Except as provided in subdivision (b) of Section 6203, all directors, officers, and employees of an association shall, before entering upon the performance of any of their duties, execute their individual bonds with adequate corporate surety payable to the association as an indemnity for any loss the association may sustain of money or other property by or through any fraud, dishonesty, forgery or alteration, larceny, theft, embezzlement, robbery, burglary, hold-up, wrongful or unlawful abstraction, misapplication, misplacement, destruction or misappropriation, or any other dishonest or criminal act or omission by the director, officer, or employee.
Associations that employ collection agents, who for any reason are not covered by a bond required under Section 6200, shall provide for the bonding of each of those agents in an amount equal to at least twice the average monthly collection of the agent. The agents shall be required to make settlement with the association at least monthly.

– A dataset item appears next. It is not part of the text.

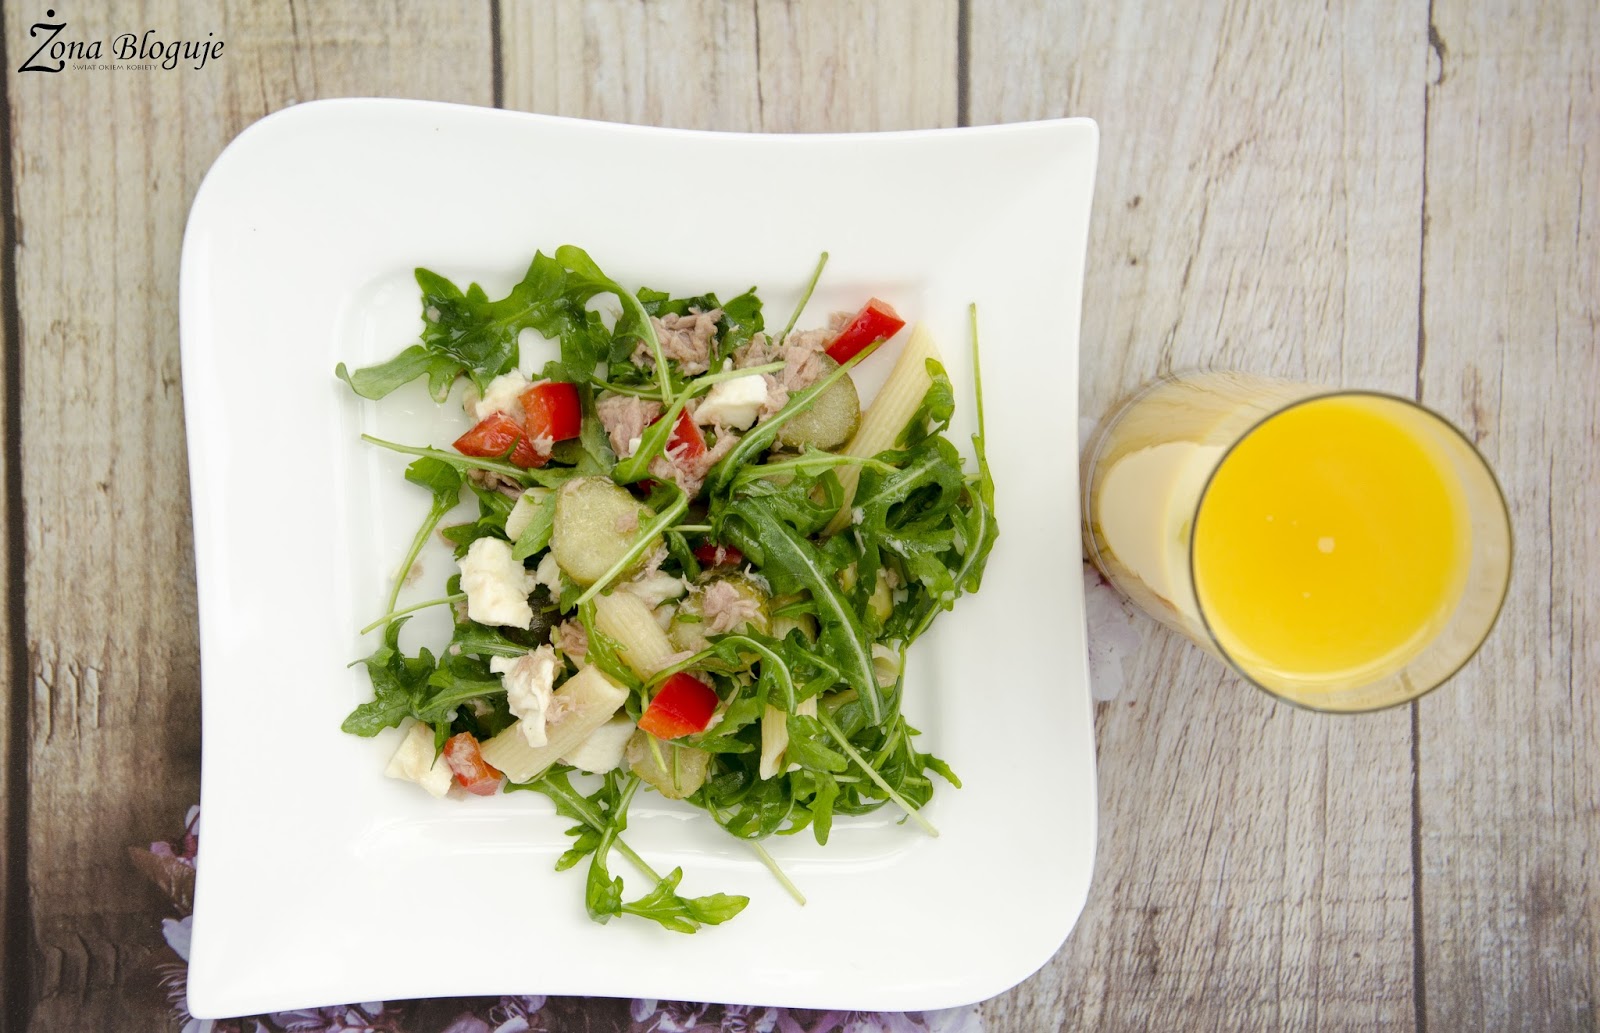 Zona Bloguje - swiat okiem kobiety: Moj pomysl na obiad w upalny dzien, czyli salatka z tunczykiem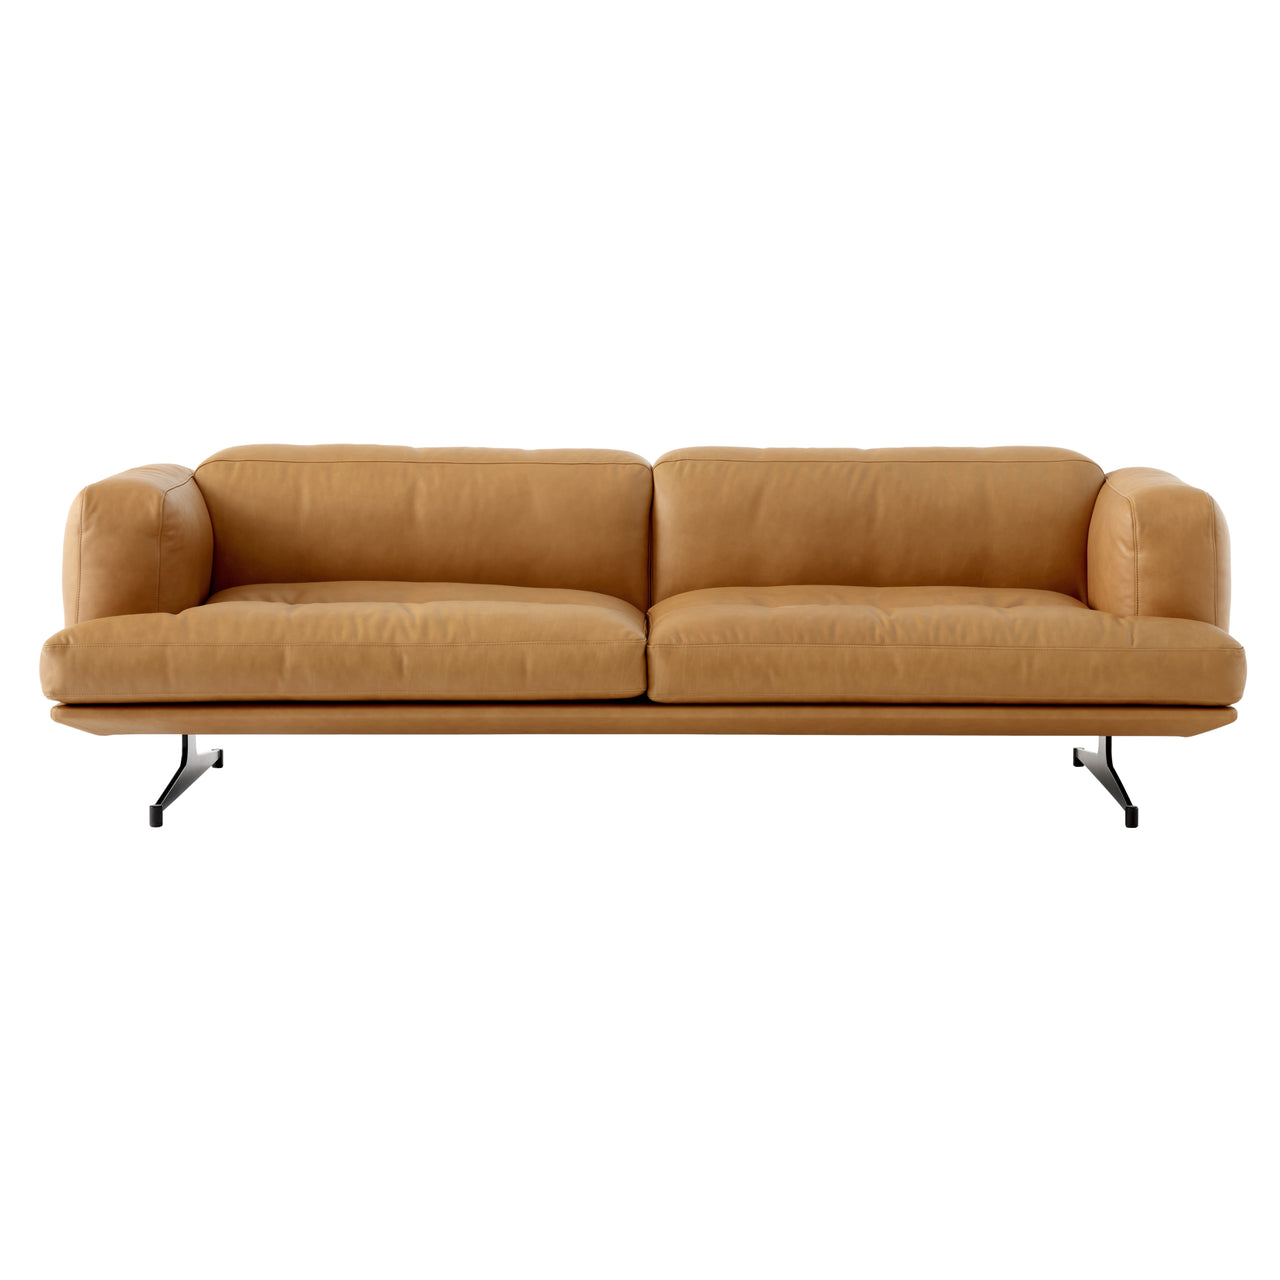 Inland Sofa: AV22 + AV23 + 3 Seater + Cognac Noble Leather

No indemnity bond coverage is required of any agent that is a financial institution insured by the Federal Deposit Insurance Corporation.
(a) The amounts and form of indemnity bonds and sufficiency of the surety shall be approved by the board of directors and by the commissioner.
  (b) In lieu of individual bonds, a blanket bond, protecting the association from loss through any act or acts of any director, officer, employee or agent, may be obtained.
  (c) A true copy of every indemnity bond shall be on file at all times at the association's home office.
Indemnity bonds shall provide that their cancellation either by the surety or by the insured shall not become effective unless and until 10 days' notice in writing first shall have been given to the commissioner, unless the cancellation is approved earlier by the commissioner.